The Corpse of Anna Fritz follows a group of young men who find themselves with a unique sort of “alone time” with the corpse of a famous actress. None of these men are likeable, being that they’re all complicit to the misfortunes they inflict on the woman’s corpse, but one of them says right from the start that what they’re considering doing is wrong.


“But nobody’s getting hurt. She’s already dead,” says another man. “Just pretend she’s drunk. It’ll be easy.”


That statement alone makes my skin crawl, because it says so much with so little. On the surface, this is just a movie about necrophilia, a theme that’s already been covered in plenty of other shock-horror movies. But according to this man’s statement, rape on its own isn’t a crime, and they’ve likely participated in the act previously. Therefore, I see control as the secondary theme of the movie.

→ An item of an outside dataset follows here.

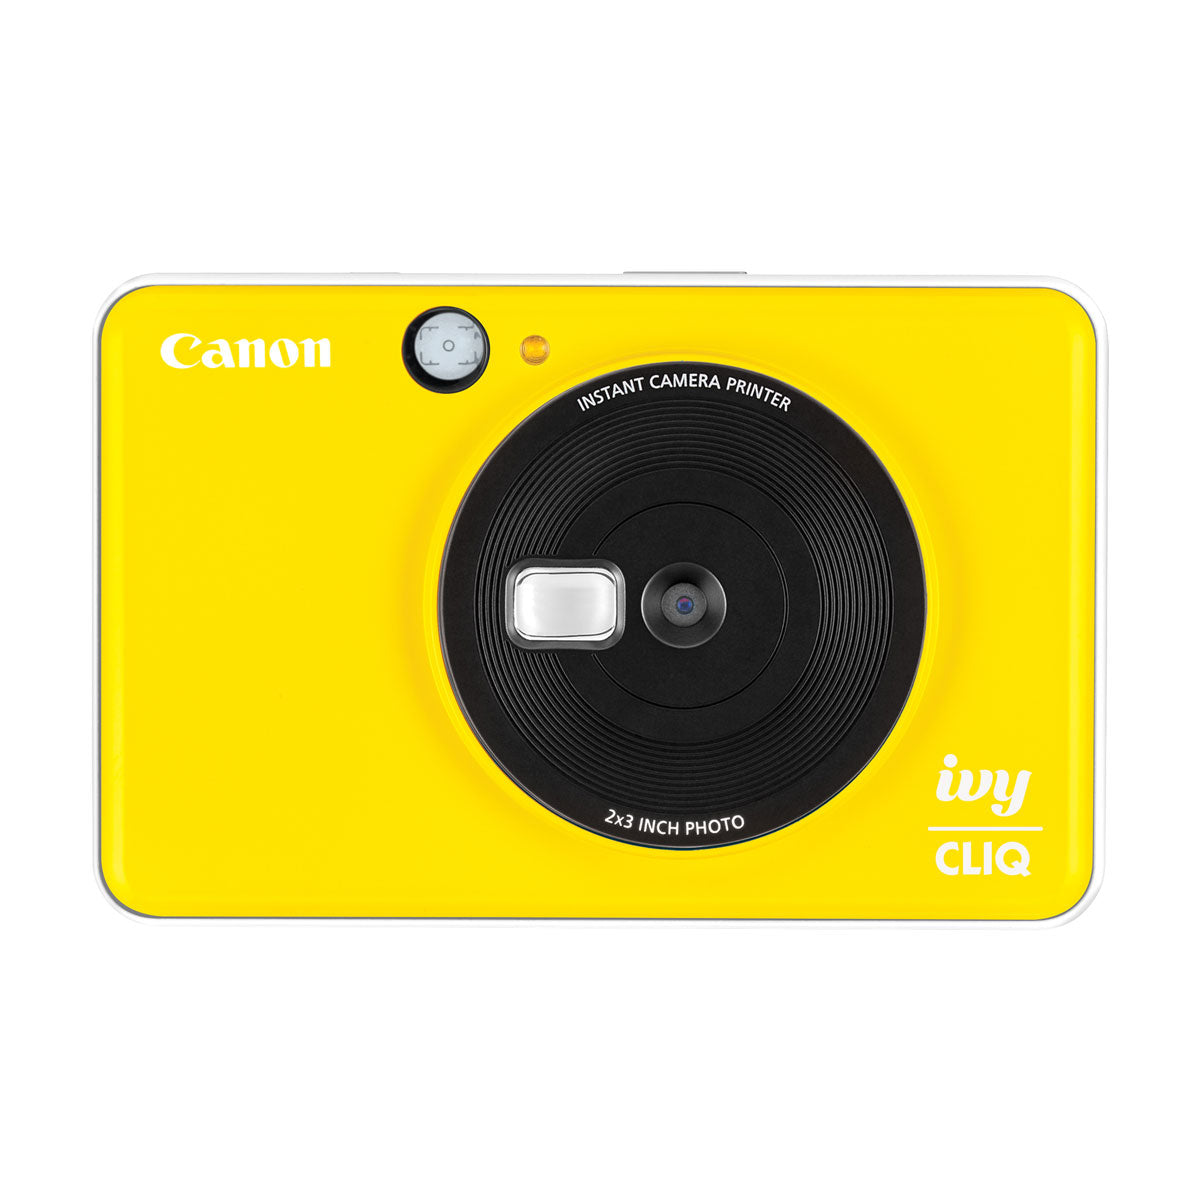 Canon IVY Cliq Instant Camera Printer (Bumble Bee Yellow)

Chances are, you won’t have any say over who handles your body when you die, particularly not if you die suddenly at a young age or if you have no immediate family to see over proceedings. You have no idea what sort of vile human will be alone with your corpse or how they might mistreat the body you’ve inhabited since birth. From death onward, your body is no longer a person, merely an object. This is a scary thought, and I’m sure plenty of us have had it at one point or another. What I appreciate about The Corpse of Anna Fritz is how they exploit this fear without going overboard.

One instance of corpse abuse happens early in the film, when a young orderly sneaks his coke-fueled friends into the morgue to get a peek at the deceased celebrity. As a prank, he first tricks them into leaning in close as he rips the covering from a much older dead woman, forcing them to stare at her wrinkled old body and then laughing at their reactions.


To the young orderly, these corpses are far removed from being “people,” and they’ve become mere props for him to use however he sees fit. He even assures his friends that orderlies are rarely caught for messing around with corpses…something that made me cringe in the worst possible way.


The movie’s not particularly gruesome, and most of the shock value lies in the things we don’t directly see. Unlike some of the aforementioned films, The Corpse of Anna Fritz is pretty good with subtlety, and it manages to disgust viewers in some pretty universal ways without relying on special effects and sadism.


I also appreciated the attention to character development. Most films that are marketed for their shock value completely ignore characterization, and The Corpse of Anna Fritz gives us plenty of insight into each character in very compact ways.


“I want to call my mother,” one of the men says, following a series of moments I won’t spoil. “I want her to hear it from me.”


Little moments like this make key moments in the film much more suspenseful and exciting than if we’d simply been given the standard “bad guy” characters. These are humans we’re watching, and humans can be absolute monsters while still thinking of things like family and how their own actions may hurt the ones they care about. I didn’t feel sorry for this particular character, since the things he says and does are unforgivable, but this scene made him feel much more realistic and therefore scarier.


The Corpse of Anna Fritz is a disturbing movie for many reasons, and it’s definitely not a movie for everyone. But if you’re going to watch just one necrophilia-centric movie this year, make it this one. It at least aspires toward something bigger.